Given data:
---------------

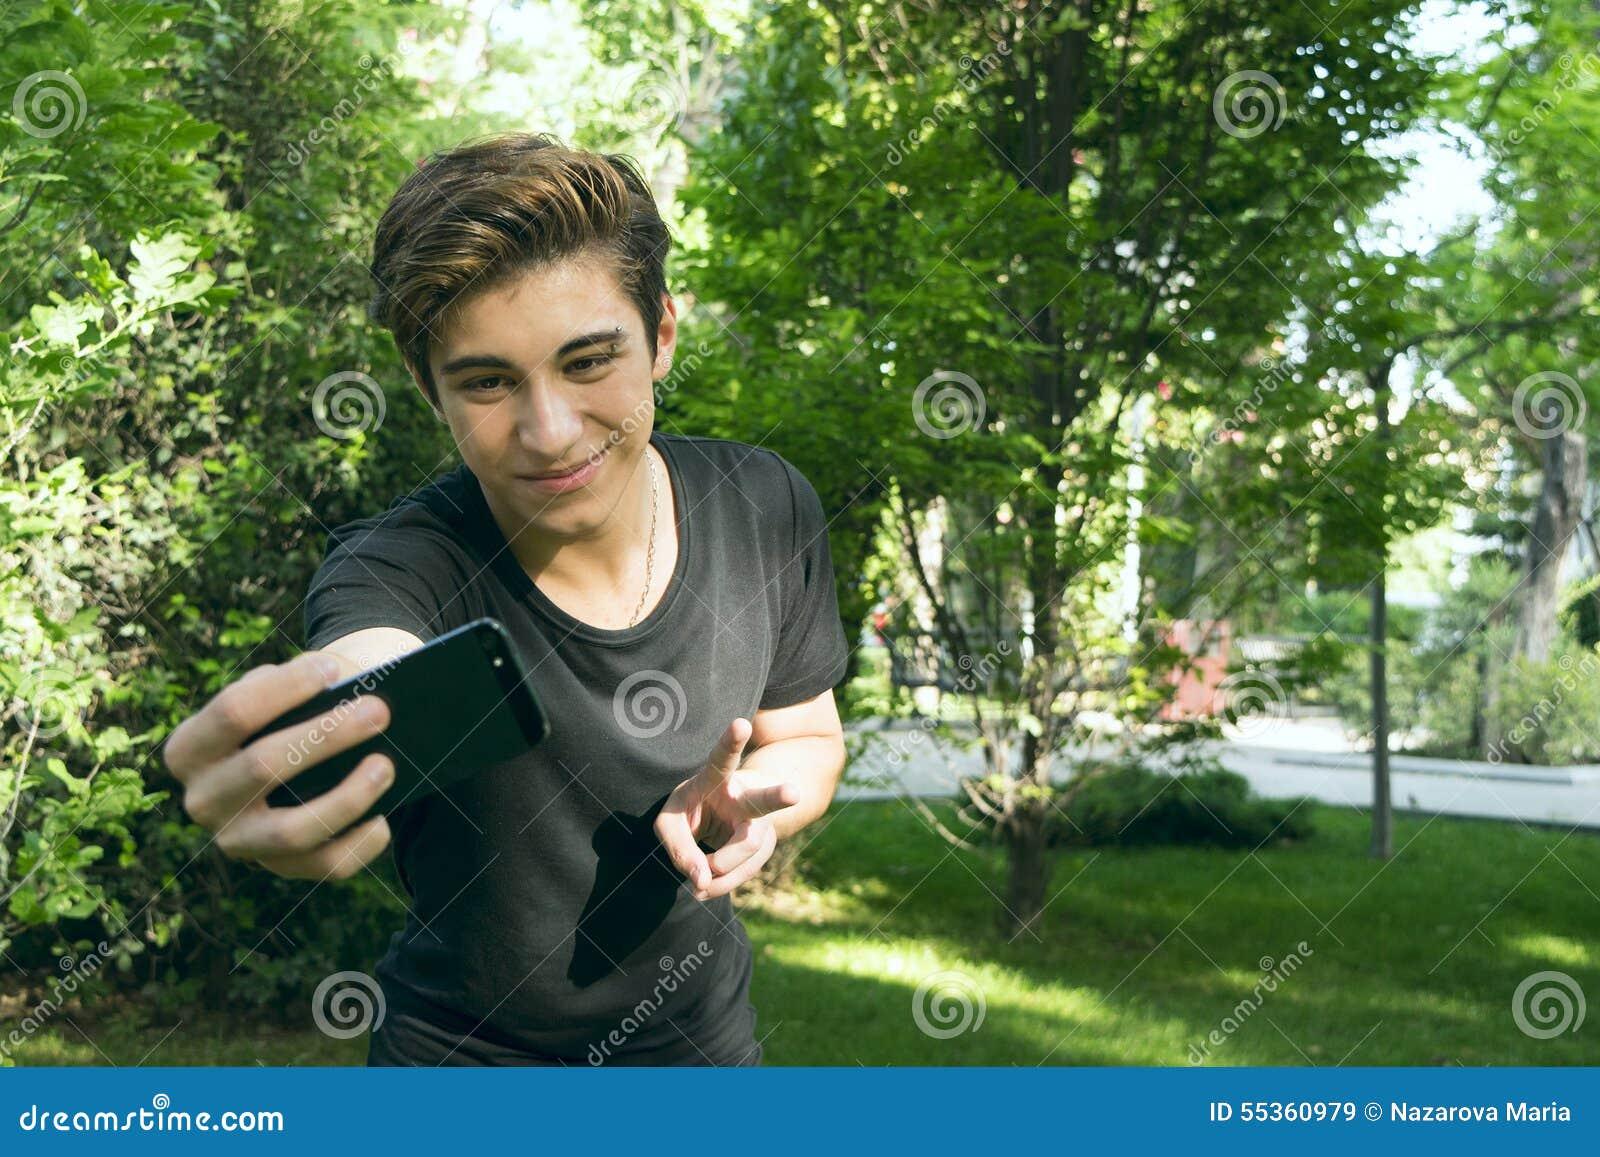 Teen Guy Stock Photo - Image: 55360979
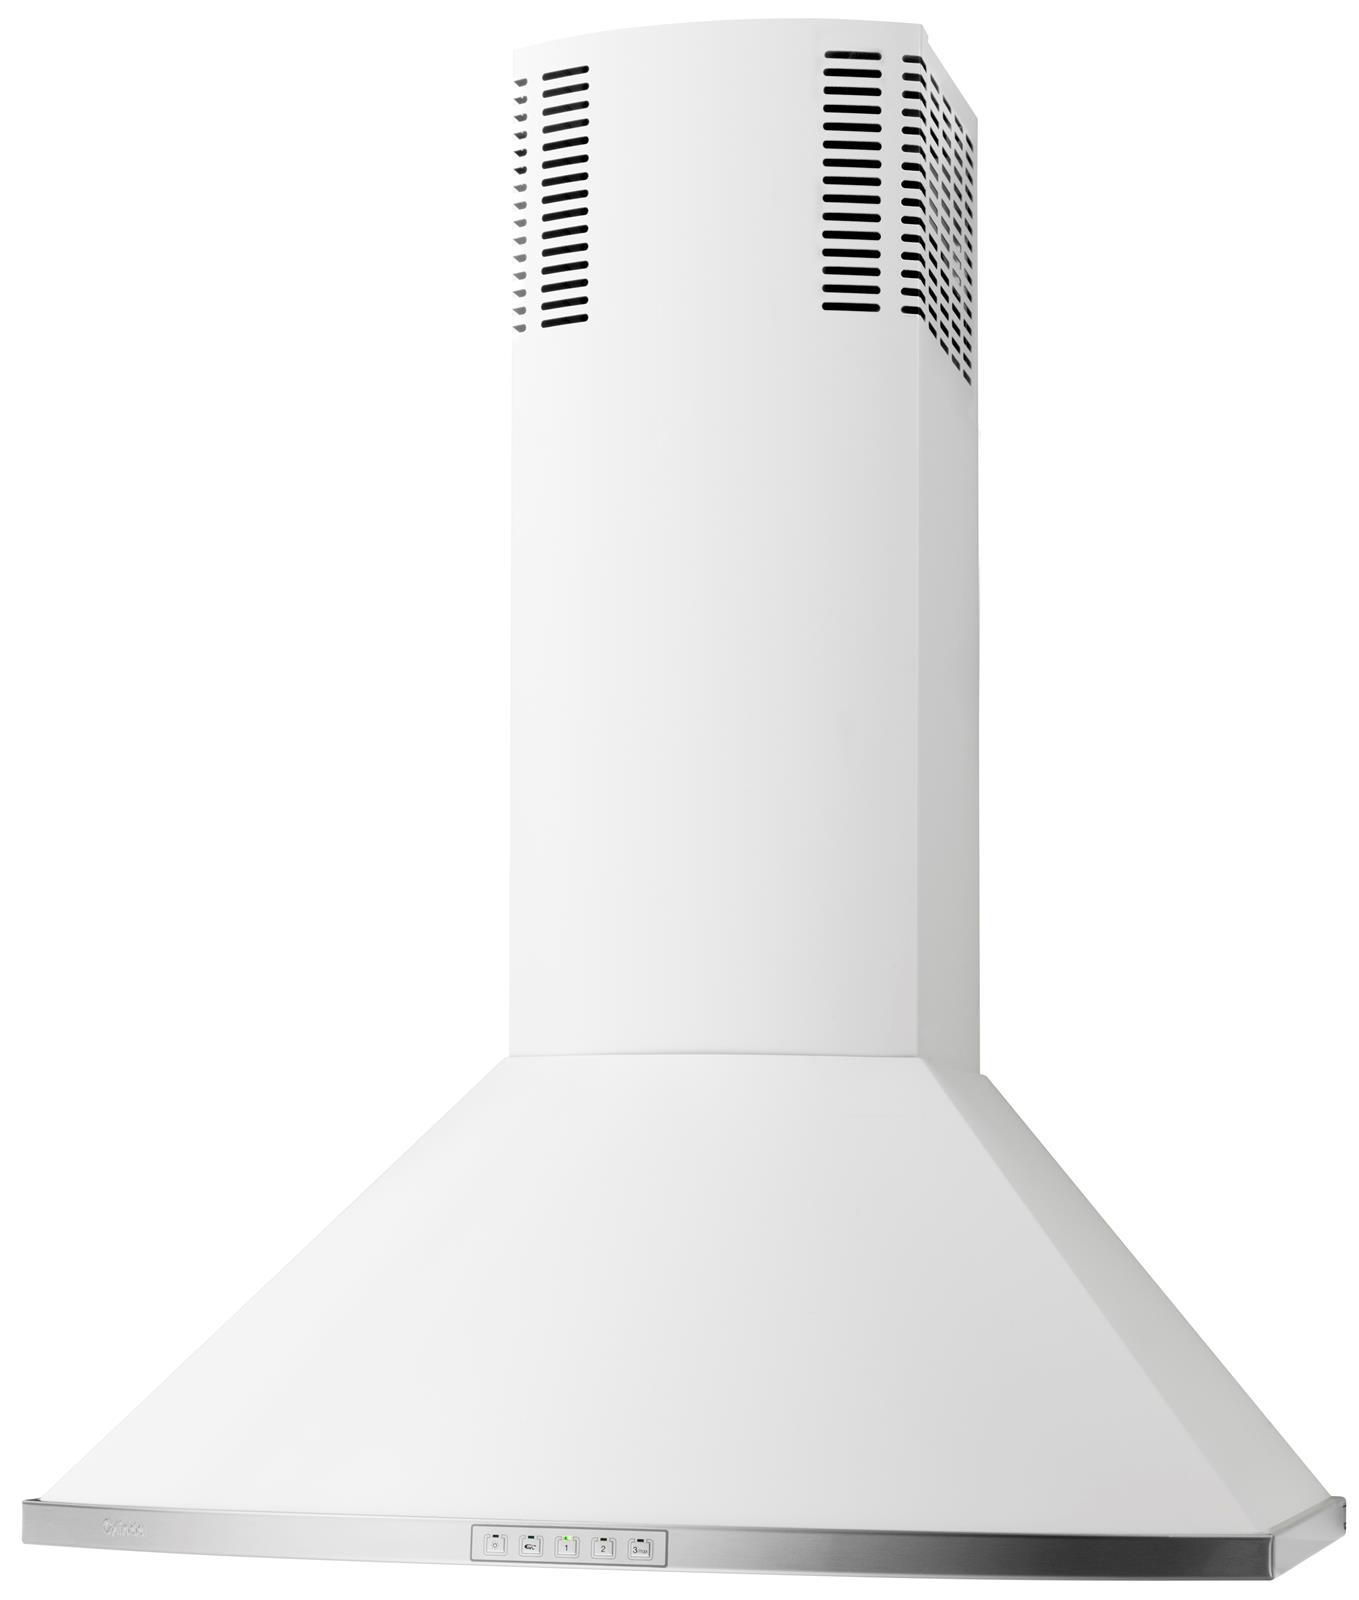 TRINDA-2 K 60 VIT
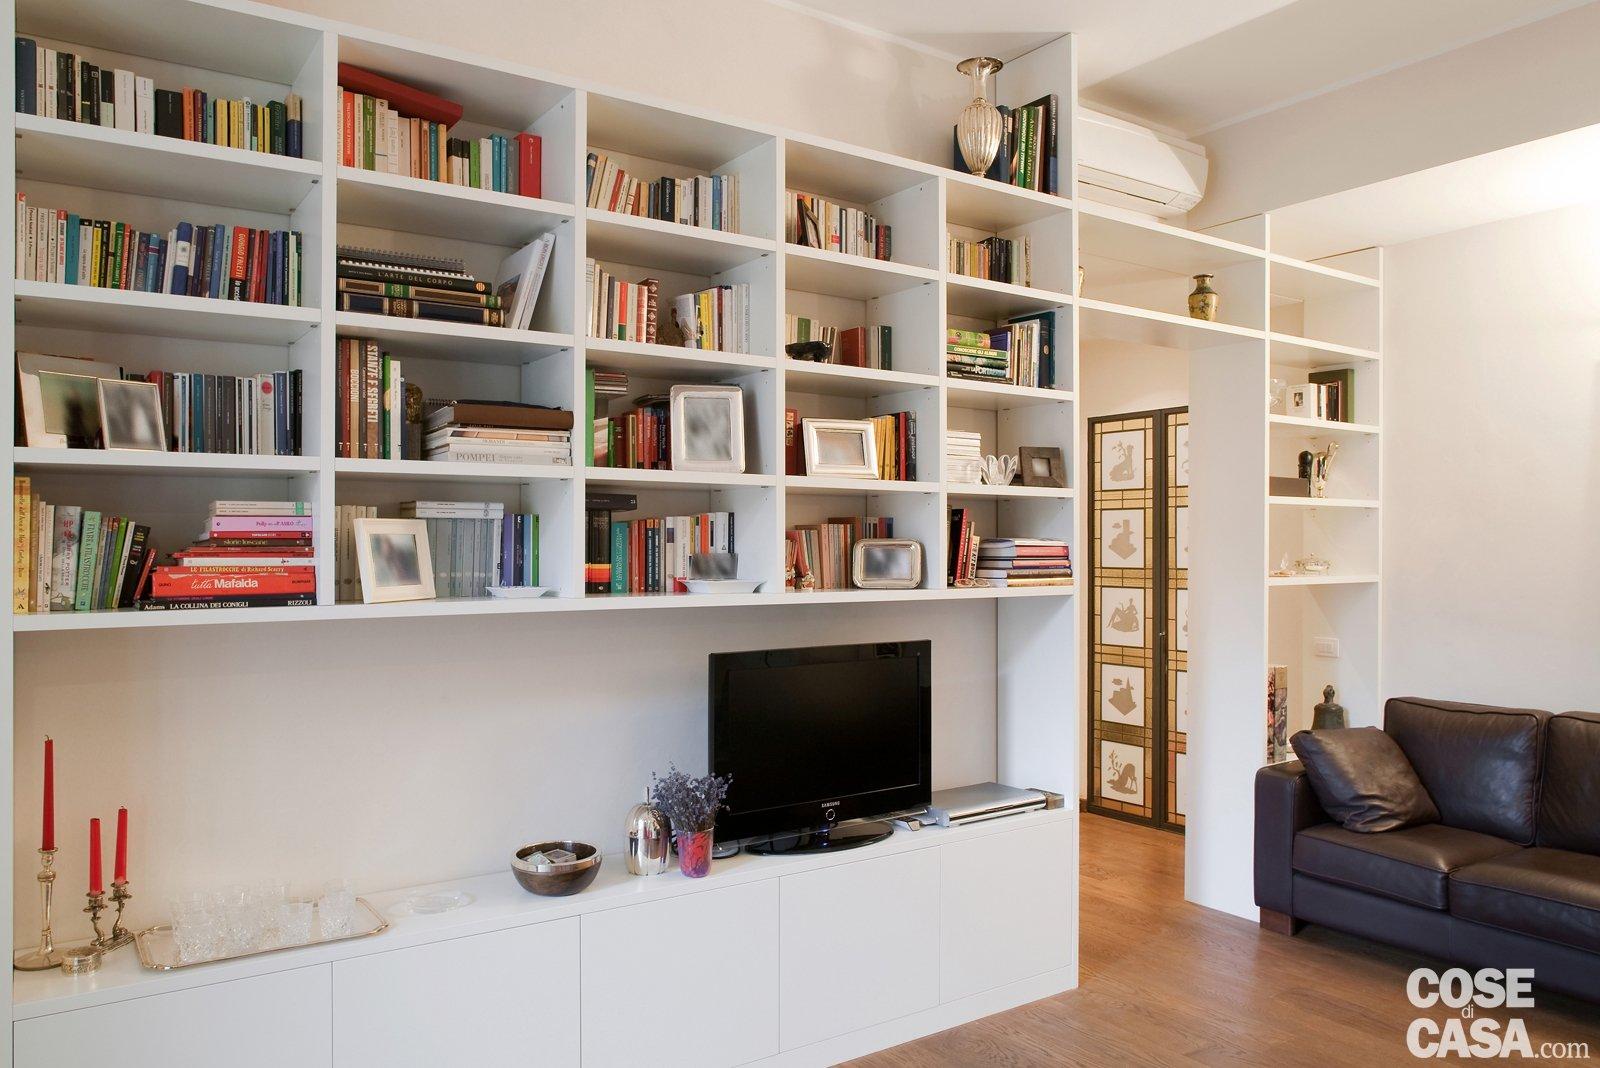 Una casa di 80 mq superfunzionali - Cose di Casa
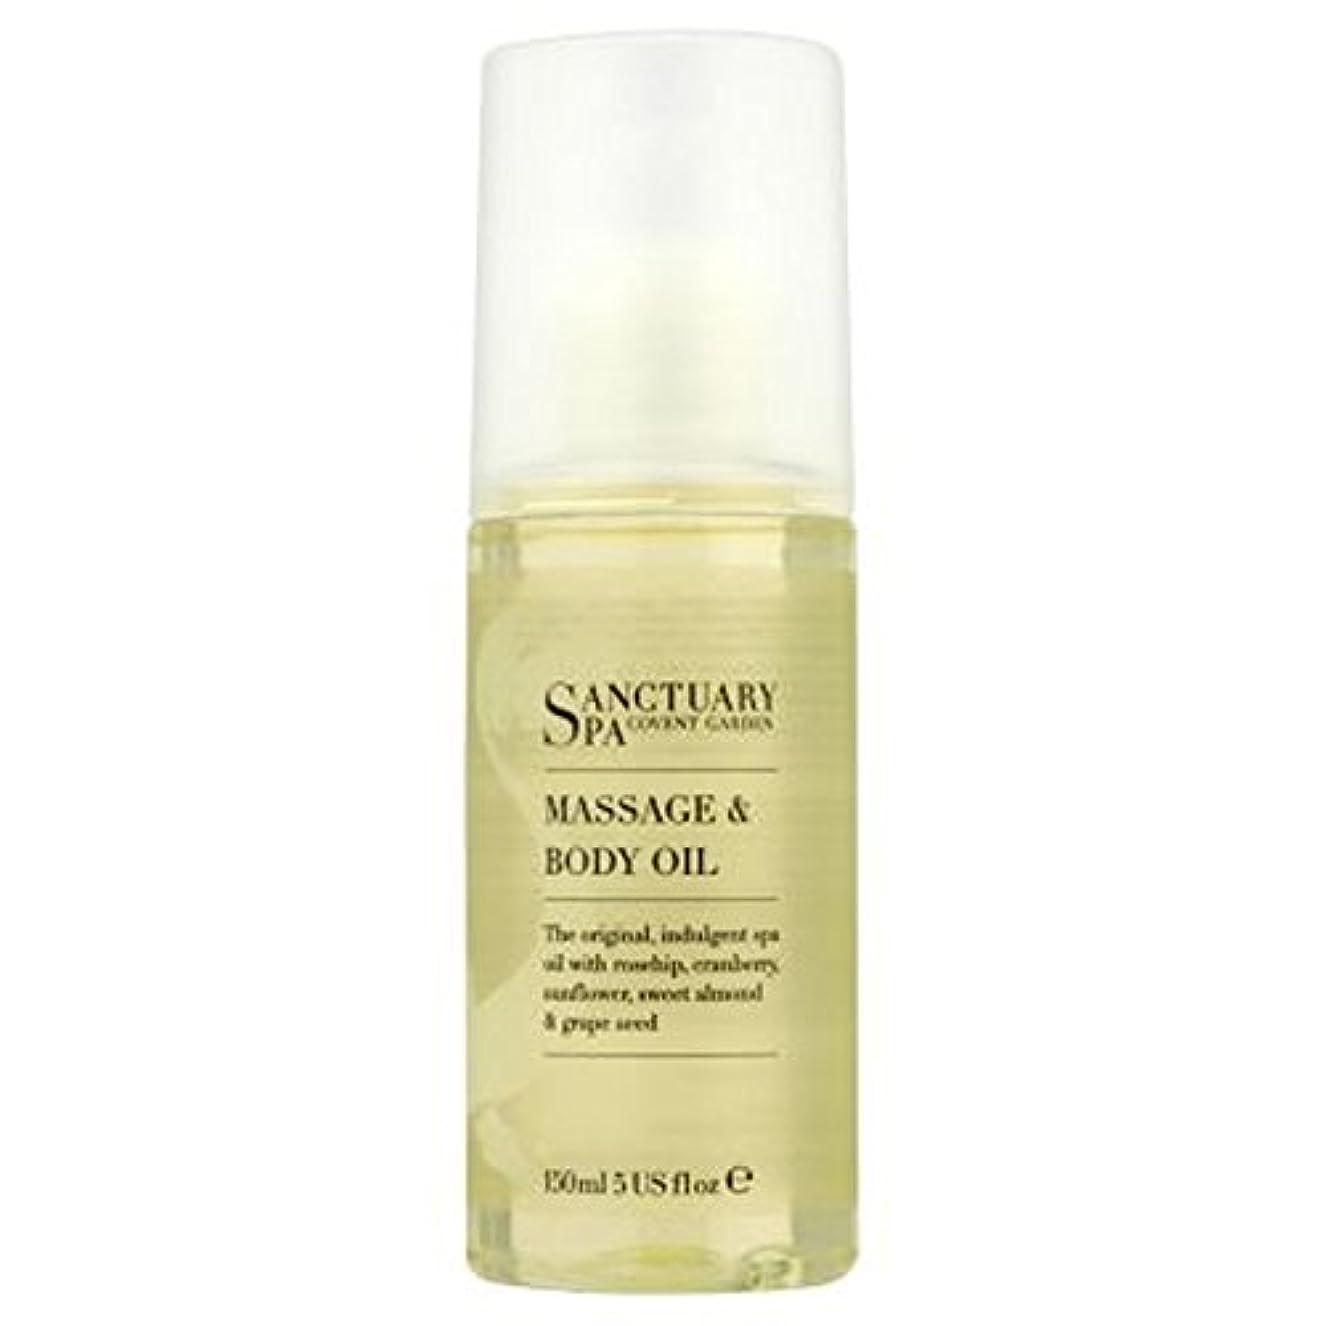 補正配管観光Sanctuary Daily Spa Escape Massage and Body Oil - 150ml - 聖域毎日のスパエスケープマッサージやボディオイル - 150ミリリットル (Sanctuary) [並行輸入品]

---------------

The task: With the pictures removed, output the listing above exactly.

Answer to the problem:
 Teen Guy Stock Photo - Image: 55360979
 TRINDA-2 K 60 VIT
 Una casa di 80 mq superfunzionali - Cose di Casa
 補正配管観光Sanctuary Daily Spa Escape Massage and Body Oil - 150ml - 聖域毎日のスパエスケープマッサージやボディオイル - 150ミリリットル (Sanctuary) [並行輸入品]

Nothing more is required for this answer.